The couple said the mutual support from the community – whether by sharing food, drink or just stories – had been heartwarming.

“The effort of the whole community to get help from so many sandbags and so many people, it’s amazing,” she said.

“I really hope this stays and we continue this close bond that we’ve developed now into the future, because that’s what makes an area a wonderful place to live.”

The couple brought good vibes back to the community, throwing a rave in their front yard on Saturday night even as the water reached the ankles of visitors on the dance floor.

“People came out everywhere, standing and taking videos, even though they didn’t enter the swamp,” Jemima said.

“You just forget about the chaos around you for a few hours.”

A DJ performing in a flooded front yard
James and Jemima say they are in good spirits today, despite being hungover from their dance party.(Supplied: Bransen Gibson)

The community spirit manifested itself on every street corner in the city.

Kathy Kostoglou has lived in the area for 23 years and runs a pharmacy in town, keeping a vital supply of medicine open to residents.

While she said she considered herself lucky that on Saturday afternoon her home avoided serious flood damage, some of her neighbors weren’t so lucky.

“They’ve all been completely affected, the water is in their homes, they’ve evacuated to Melbourne because they’re so disturbed and they know it’s not over yet,” Kathy said.

“I don’t think we’re out of the worst yet and the anticipation is pushing us.”

A woman preparing a meal in a kitchen
Kathy Kostoglou (right) has lived in Echuca for 23 years.(ABC News: Iskhandar Razak)
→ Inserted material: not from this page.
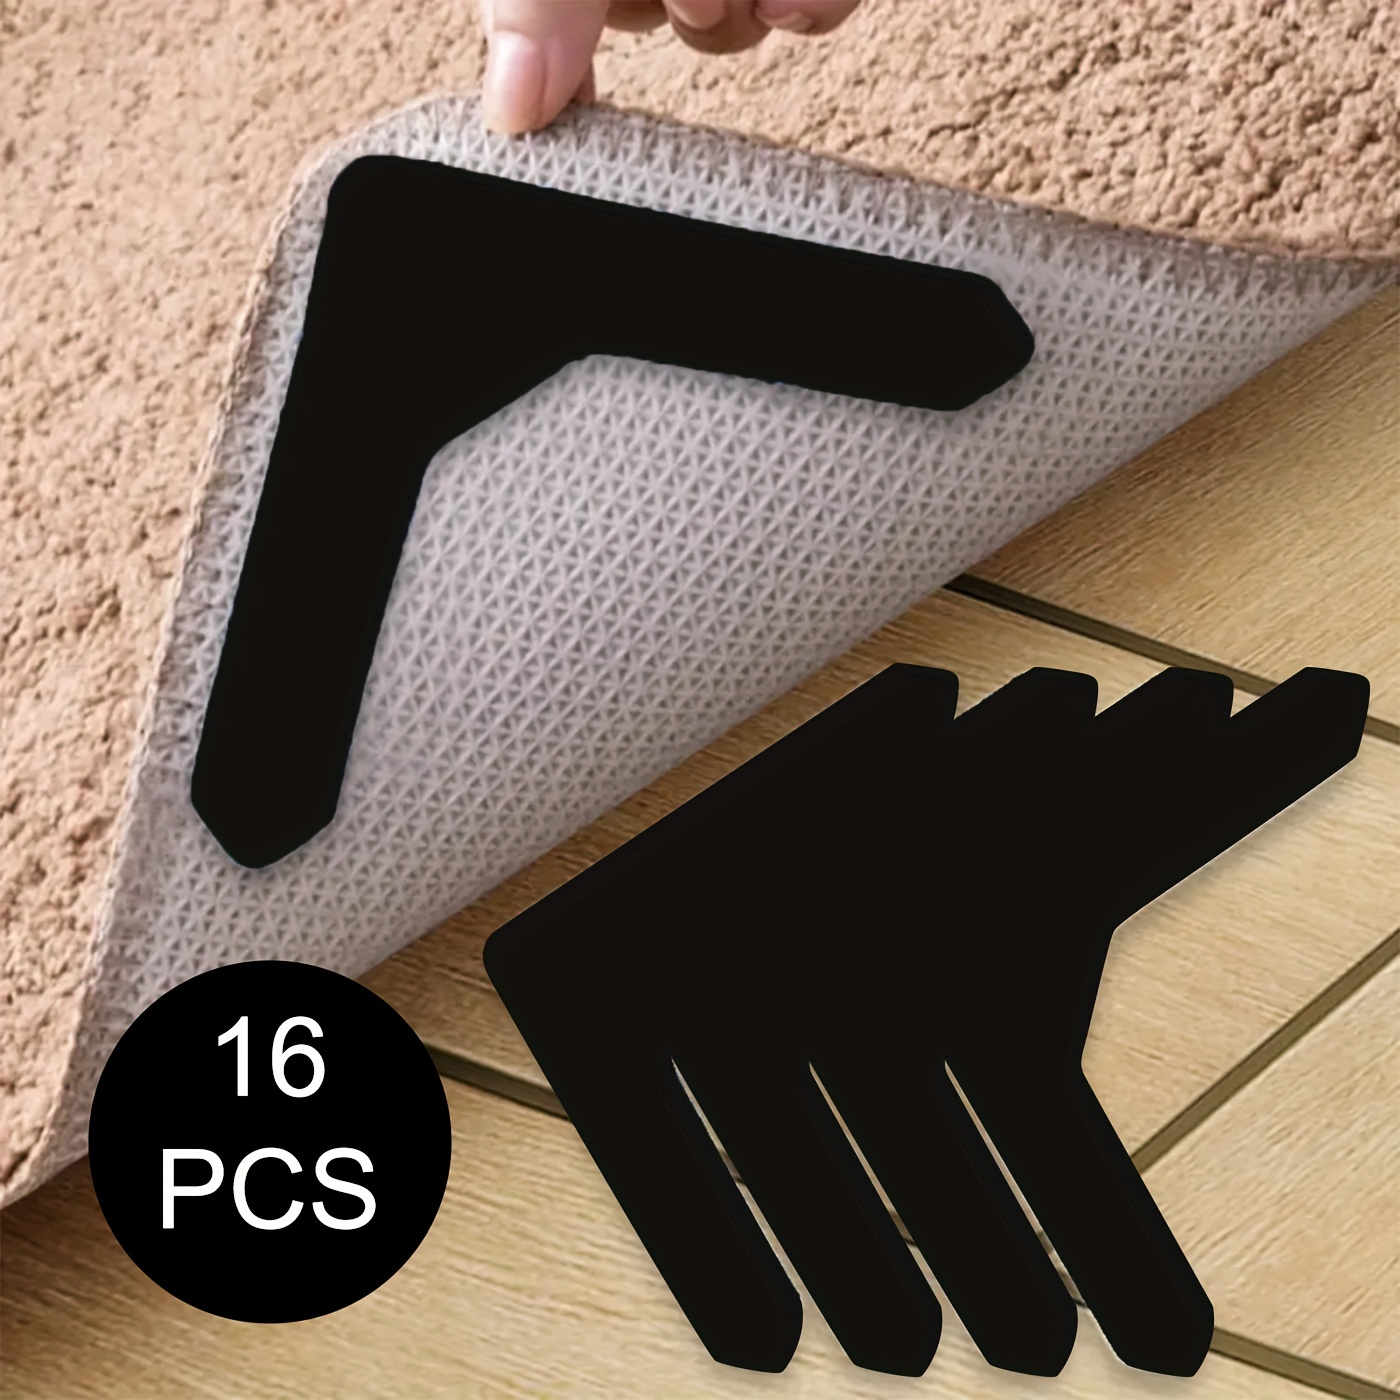  Rug Tape Carpet Corner Grippers: 10 PCS Non Slip Rug

In her spare time, Kathy said she cooked dozens of meals for neighbors affected by the floods, cooking Greek lasagna for anyone who needed it.

“Food is scarce right now here and obviously we don’t have a lot of things open,” she said.

“I’m already thinking ‘how are we going to help people in Rochester, how are we going to help people in Echuca?'”

A woman preparing a meal in a kitchen
The local community was inundated with people who volunteered their time to help.(ABC News: Iskhandar Razak)

Kathy said she’s been kept awake all night on adrenaline, constantly looking for ways to help a city that fills her with pride.

“We have the best community, I’m so honored to live here. I’m so privileged to be part of Echuca-Moama,” she said.

“What I witness of our city coming together…is this how they built the pyramids?” Many hands make life easy.